6And it came to pass at the end of forty days that Noah opened the window of the ark which he had made. 7And he sent out the raven, which went forth going to and fro, until the waters were dried from the earth. 8And he sent out the dove from him, to see if the waters had become low on the ground. 9But the dove found no resting-place for the sole of her foot, and returned to him into the ark; for the waters were on the whole earth; and he put forth his hand, and took her, and brought her to him into the ark. 10And he waited yet other seven days, and again he sent forth the dove out of the ark. 11And the dove came to him at eventide; and behold, in her beak was an olive-leaf plucked off; and Noah knew that the waters had become low on the earth. 12And he waited yet other seven days, and sent forth the dove; but she returned no more to him.
13And it came to pass in the six hundred and first year, in the first month, on the first of the month, that the waters were dried up from the earth. And Noah removed the covering of the ark, and looked, and behold, the surface of the ground was dried. 14And in the second month, on the twenty-seventh day of the month, the earth was dry.
15And God#GodHebrew: Elohim spoke to Noah, saying, 16Go out of the ark, thou, and thy wife, and thy sons, and thy sons' wives with thee. 17Bring forth with thee every animal which is with thee, of all flesh, fowl as well as cattle, and all the creeping things which creep on the earth, that they may swarm on the earth, and may be fruitful and multiply on the earth. 18And Noah went out, and his sons, and his wife, and his sons' wives with him. 19All the animals, all the creeping things, and all the fowl — everything that moves on the earth, after their kinds, went out of the ark.

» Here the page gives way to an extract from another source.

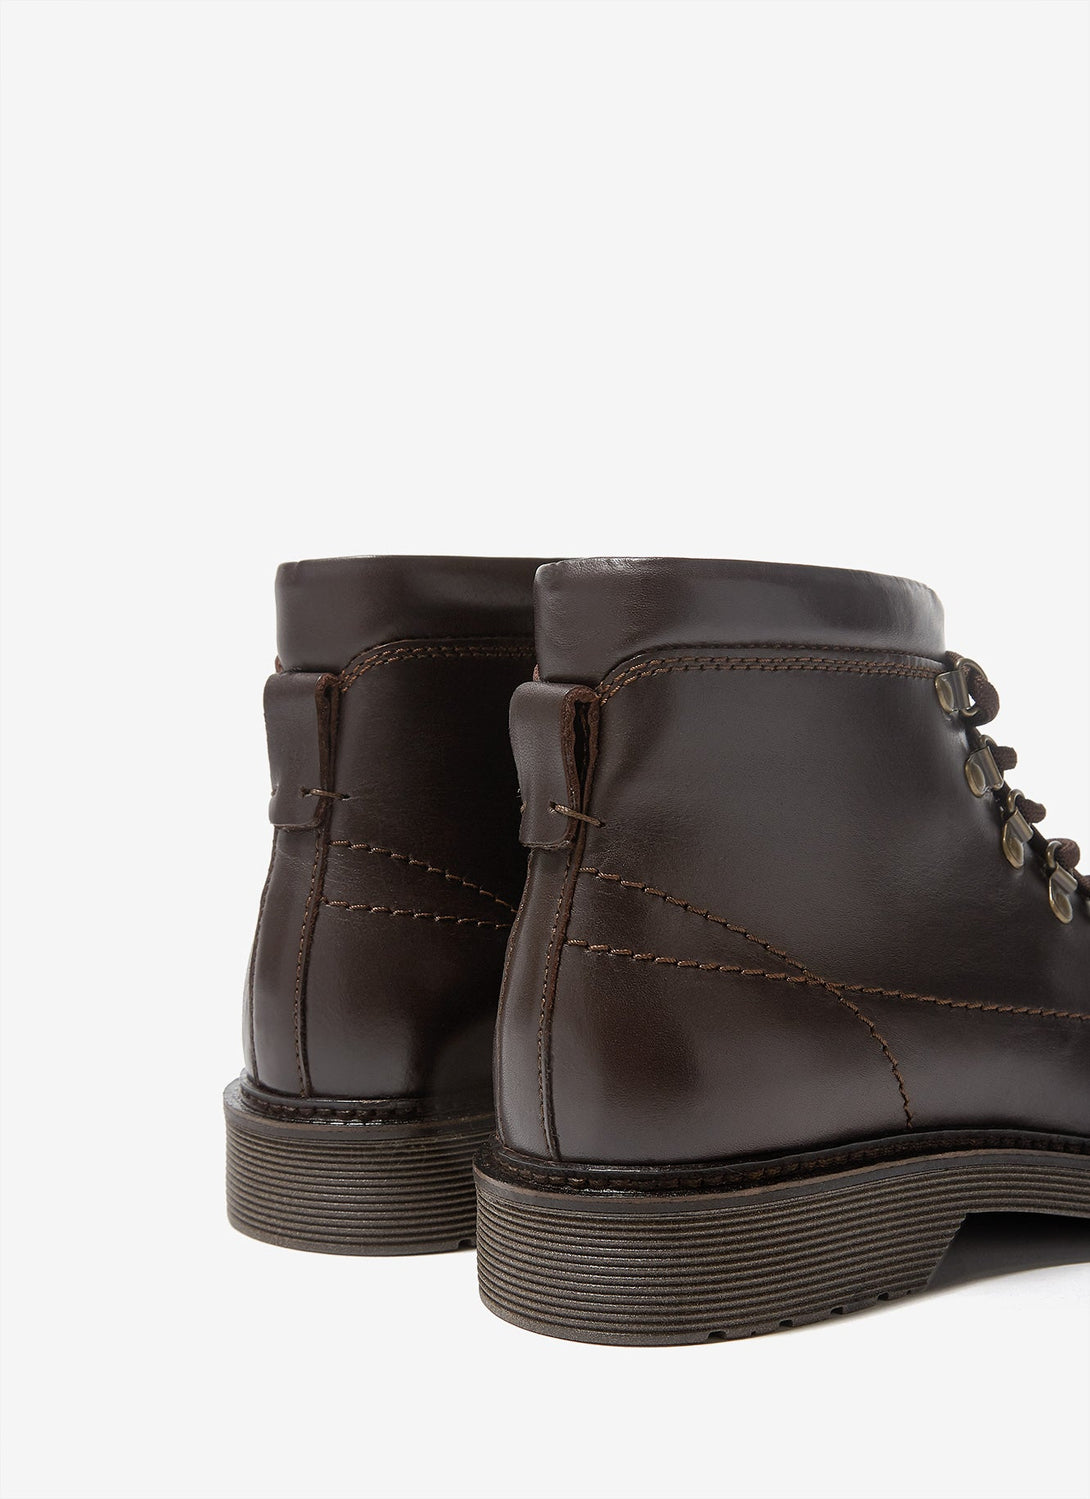 Men Shoes | Brown Leather Military Ankle Boots by Spanish designer Adolfo Dominguez

20And Noah built an altar to Jehovah; and took of every clean animal, and of all clean fowl, and offered up burnt-offerings on the altar. 21And Jehovah smelled the sweet odour. And Jehovah said in his heart, I will no more henceforth curse the ground on account of Man, for the thought of Man's heart is evil from his youth; and I will no more smite every living thing, as I have done. 22Henceforth, all the days of the earth, seed time and harvest, and cold and heat, and summer and winter, and day and night, shall not cease.